I just lost my tulip tree (yellow poplar) a couple of weeks in the tornado. I cut it up and milled it. The bark on your wood looks just like what I cut up. Looks like you have some spalt going on toward the center. The one I milled has white wood with beautiful brown in the very center. Maybe yours does too. Gary


----------



## woodtickgreg (Dec 2, 2013)

If that is tulip poplar it is a good secondary wood for cabinets, drawers, dividers in dressers, etc. The green streaking in it is common, and as mentioned it can have brown to almost black streaking as well. Takes paint and stain well. Widely used for architectural moldings as it will hold a crisp detail. Definitely worth milling up, imo.


----------



## Blueglass (Dec 2, 2013)

I learned from a guy that did finishing for furniture companies in NC that they use different stains to make poplar mimic different woods. The right stain and it is pretty darn close to Mahogany believe it or not.


----------



## Tclem (Dec 6, 2013)

I turned a piece of this that I actually cut off a couple of months ago.

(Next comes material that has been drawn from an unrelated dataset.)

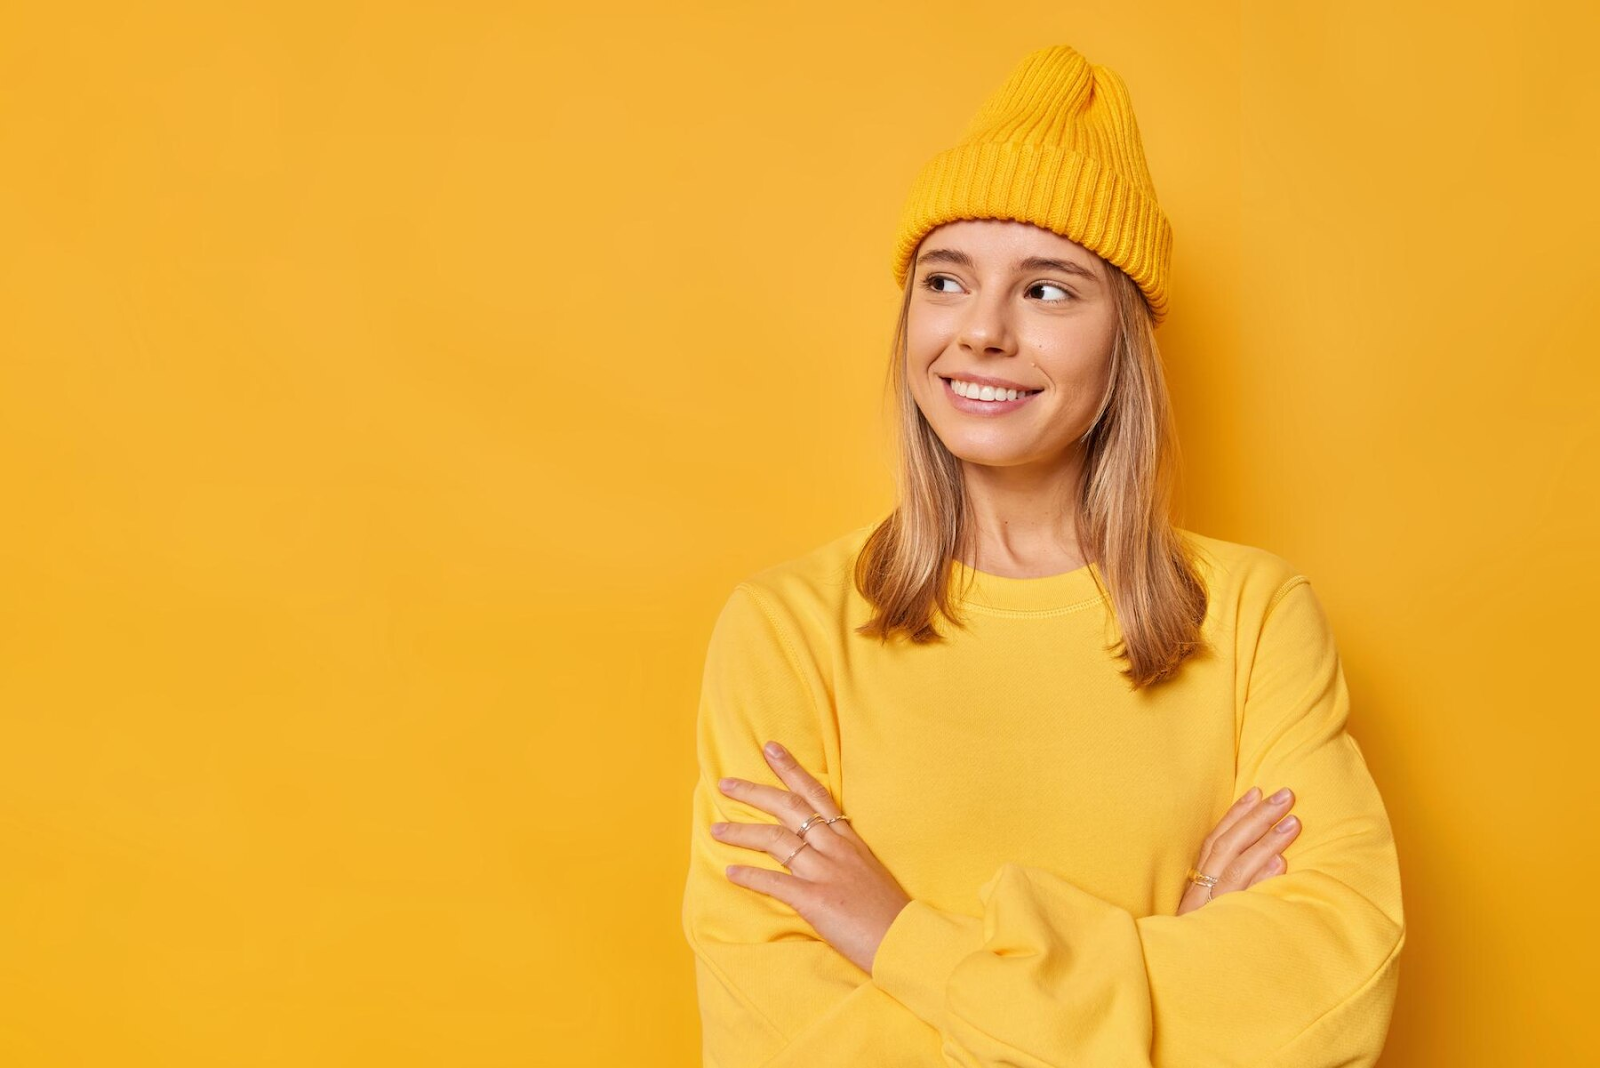 A woman wearing yellow looks away and smiles.
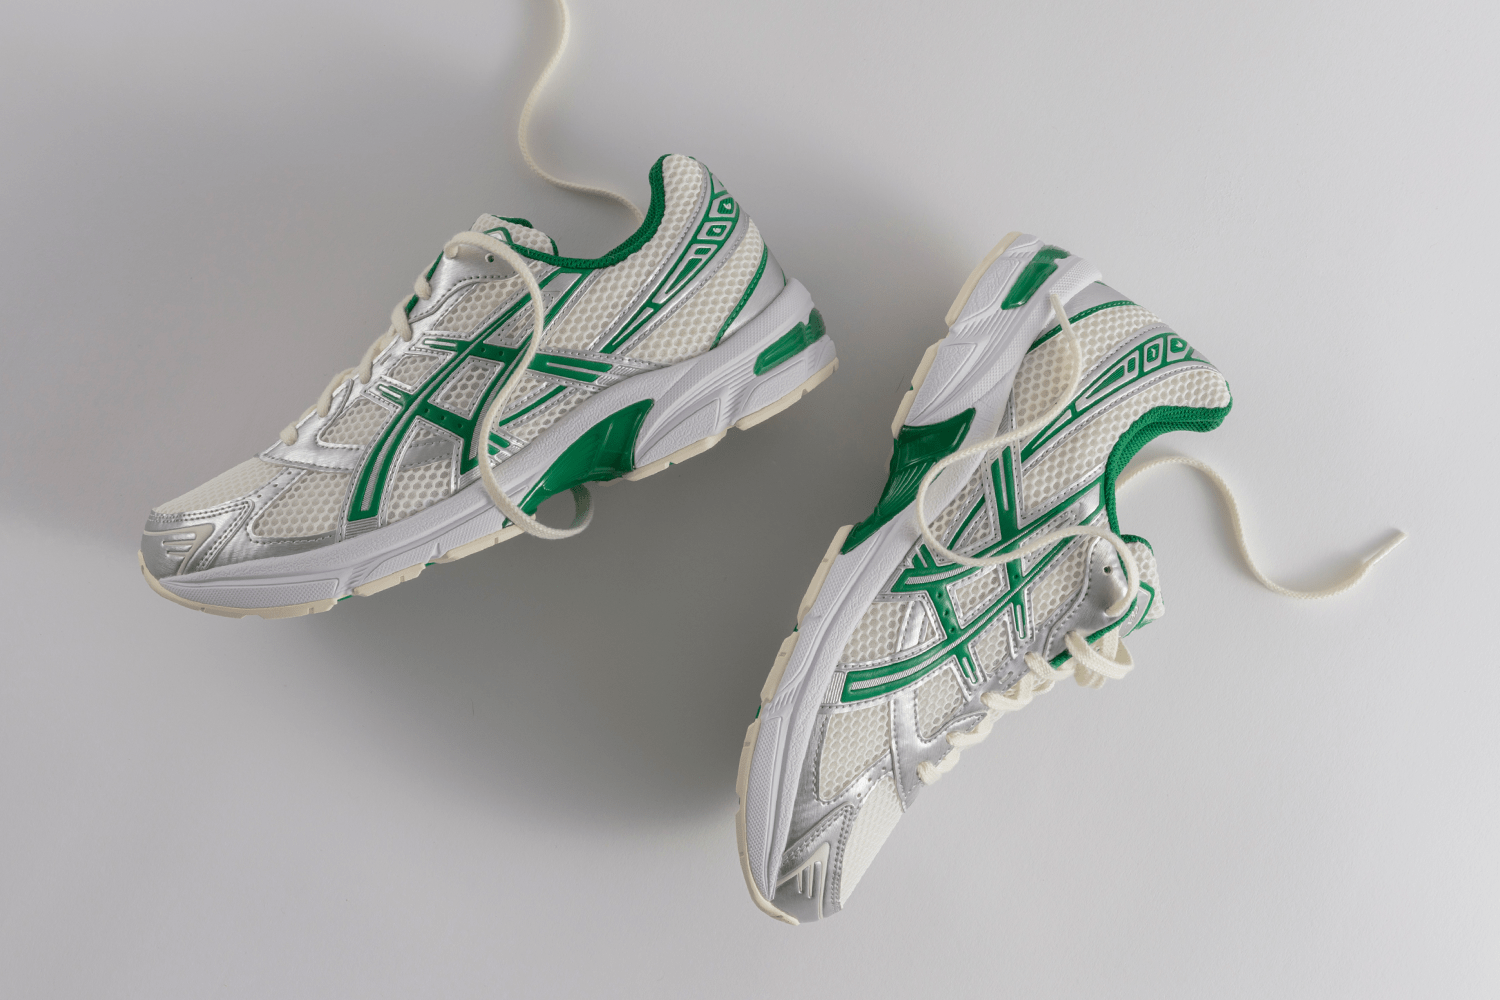 The ASICS GEL-NYC and GEL-1130 get a new look in 'Kale Green'

Had some heavy spalting on that piece but it has yellow, green , and purple colors. 
Tony

Reactions: Like 1


----------



## Nature Man (Dec 12, 2013)

Pictures please... Chuck


----------



## phinds (Dec 12, 2013)

Tclem said:


> I turned a piece of this that I actually cut off a couple of months ago. Had some heavy spalting on that piece but it has yellow, green , and purple colors.
> Tony



In that case it is almost certainly tulip poplar (aka yellow poplar). See the "rainbow" poplar part of the "poplar" page on my site to confirm.


----------



## rdnkmedic (Dec 12, 2013)

Tclem said:


> I turned a piece of this that I actually cut off a couple of months ago. Had some heavy spalting on that piece but it has yellow, green , and purple colors.
> Tony


 
No pictures means it didn't happen. Right?


----------



## Tclem (Dec 12, 2013)

rdnkmedic said:


> No pictures means it didn't happen. Right?


No pictures means I haven't taken them yet

Reactions: Like 2


----------



## Tclem (Dec 12, 2013)



Reactions: Like 3


----------



## Tclem (Dec 12, 2013)



Reactions: Like 3


----------



## rdnkmedic (Dec 12, 2013)

I like that. Poplar is awesome to turn. And all colors of the rainbow. Well done. The end grain can be a problem sometimes.


----------



## Tclem (Dec 12, 2013)

Had to get wife to send me pictures. Got to love her for trying


----------



## Nature Man (Dec 16, 2013)

Beautiful wood! Great job on the turning! Chuck


----------



## Tclem (Dec 16, 2013)

Thank you


----------



## Tclem (Dec 16, 2013)

It sure is beautiful. I usually get all my wood for free but I had to pay $100 for all these logs. But I guess if I had one on my place ide slice it up too
Tony

Reactions: Like 1


----------